What comes to mind if you are asked the question, “What in your life made the Earth move for you?” The phrase ‘make the earth move’ often refers to great sex, but this question and this post refer to something much broader than that.
I stumbled on an HBO special this morning called “Bruce Weber: A YoungArts Masterclass.” Basically it showcases how fashion photographer Bruce Weber mentors six young students in the art of photography. His basic assignment is for each of them to create a visual representation of an important milestone in their life, something that was so powerful that it ‘made the earth move’ for them. The results varied from photo collections and collages to videos. One showed a student’s transformation from girl to woman, another showed the impact of an orphanage that student lived in at one time, another explored the topic of love.
As I watched this incredible program I also began to think of what my own answer is … what in my life made the Earth move? You should try this. Try thinking about it and try doing their assignment.
I have a few. Following the usual vernacular of ‘earth move’ I can say my first sex was one of those moments, not for the reason usually associated with that phrase. Mine was powerful in how incredibly awkward and unsatisfying it was. The blind leading the blind. I’ll let you figure out the rest. Fortunately I recovered nicely.
Three different scenes during my year in the Army were earth-moving; more earth-shattering, actually. My first day, when reality set in, a day on the firing range when I actually prayed, asking for a sign relating to my thoughts of trying to get out of the Army (and I got that sign) and my last day.
The earth moved the day my furniture moved from my house in Dallas, beginning its journey to my new life in Baltimore. Almost thirty years later I can still remember standing in my empty living room crying, sobbing, as the full weight of an entire life change hit me.

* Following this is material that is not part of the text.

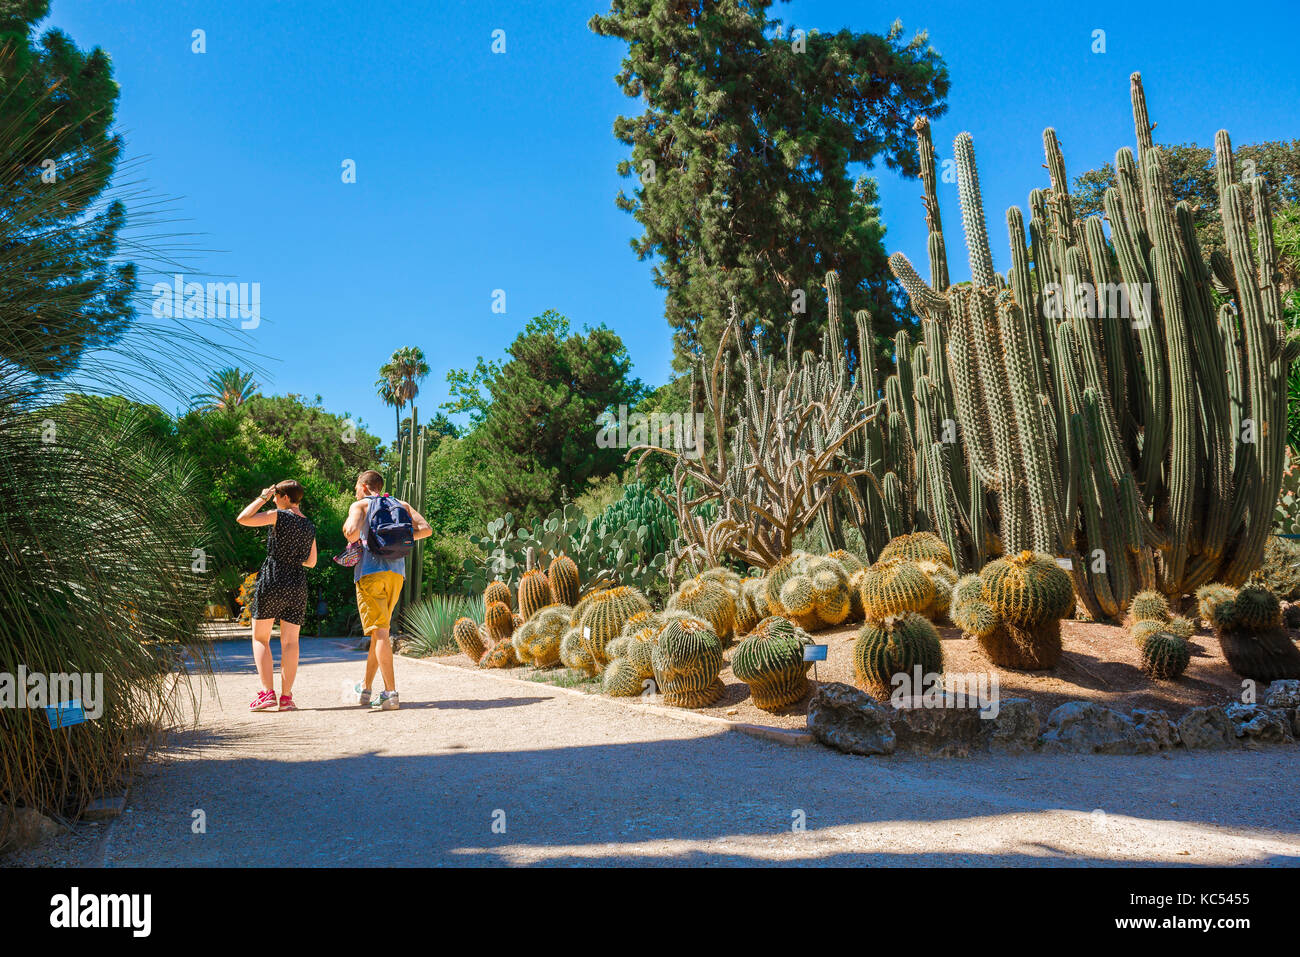 Valencia Spain Botanical Garden, A Young Couple Visiting The Jardin  Botanico Walk Past A Section Of The Desert Plants Area, Valencia.
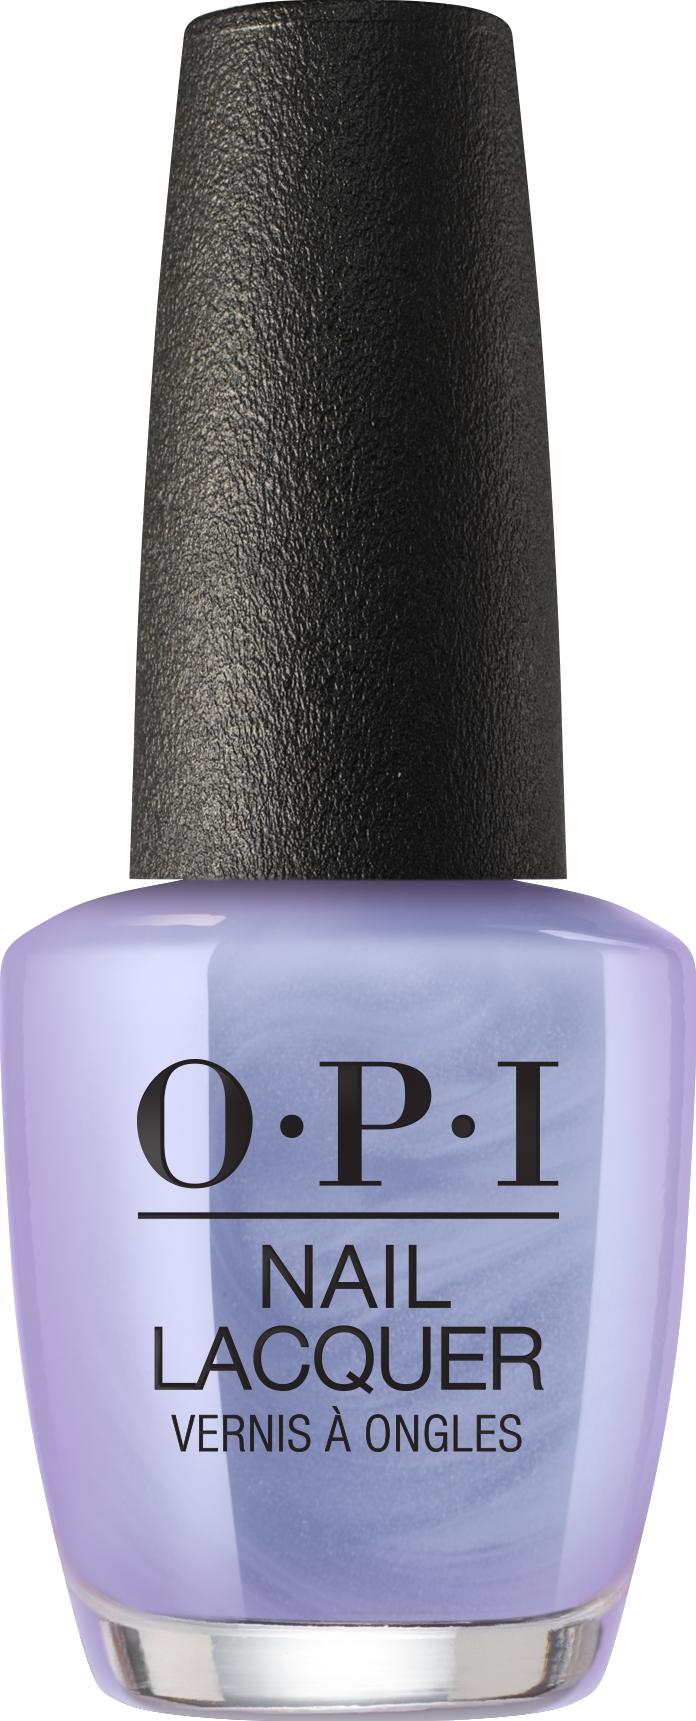 OPI purple nail polish

Another earth moving day also involved crying. At the end of my Dad’s funeral, moments after they slid his coffin into the ‘drawer’ at the mausoleum, I was pushing my Mom in her wheelchair down the hall on the way back to the car when I broke out sobbing, loud sobbing echoing in those marble hallways. Dad’s death was expected and almost predictable and I calmly went through all the other activities that week, being strong for my Mother and sister, being the logical man my Dad was when helping to make all the decisions relating to the funeral. The reality exploded within me as I walked down that hall. Earth-moving.
One more moment stands out … seeing the Grand Canyon for the first time. That was more a series of moments … first glimpse of the North Rim in brilliant late-afternoon sun, photographing a sunset there a few hours later, photographing a moon rise moments after the sunset, seeing the South Rim for the first time two days later and watching a sunrise from a trail 30 minutes down into the canyon. Those indescribable sights made the Earth move for me.
No matter how ‘normal’ or boring our lives might be, we each experience life-changing moments. Love, death, disasters, school, leaving home, travel moments, religious events, concerts, job changes, performing on stage, assisting with a birth; the list is as unique as each of us is.
So what made the earth move for you?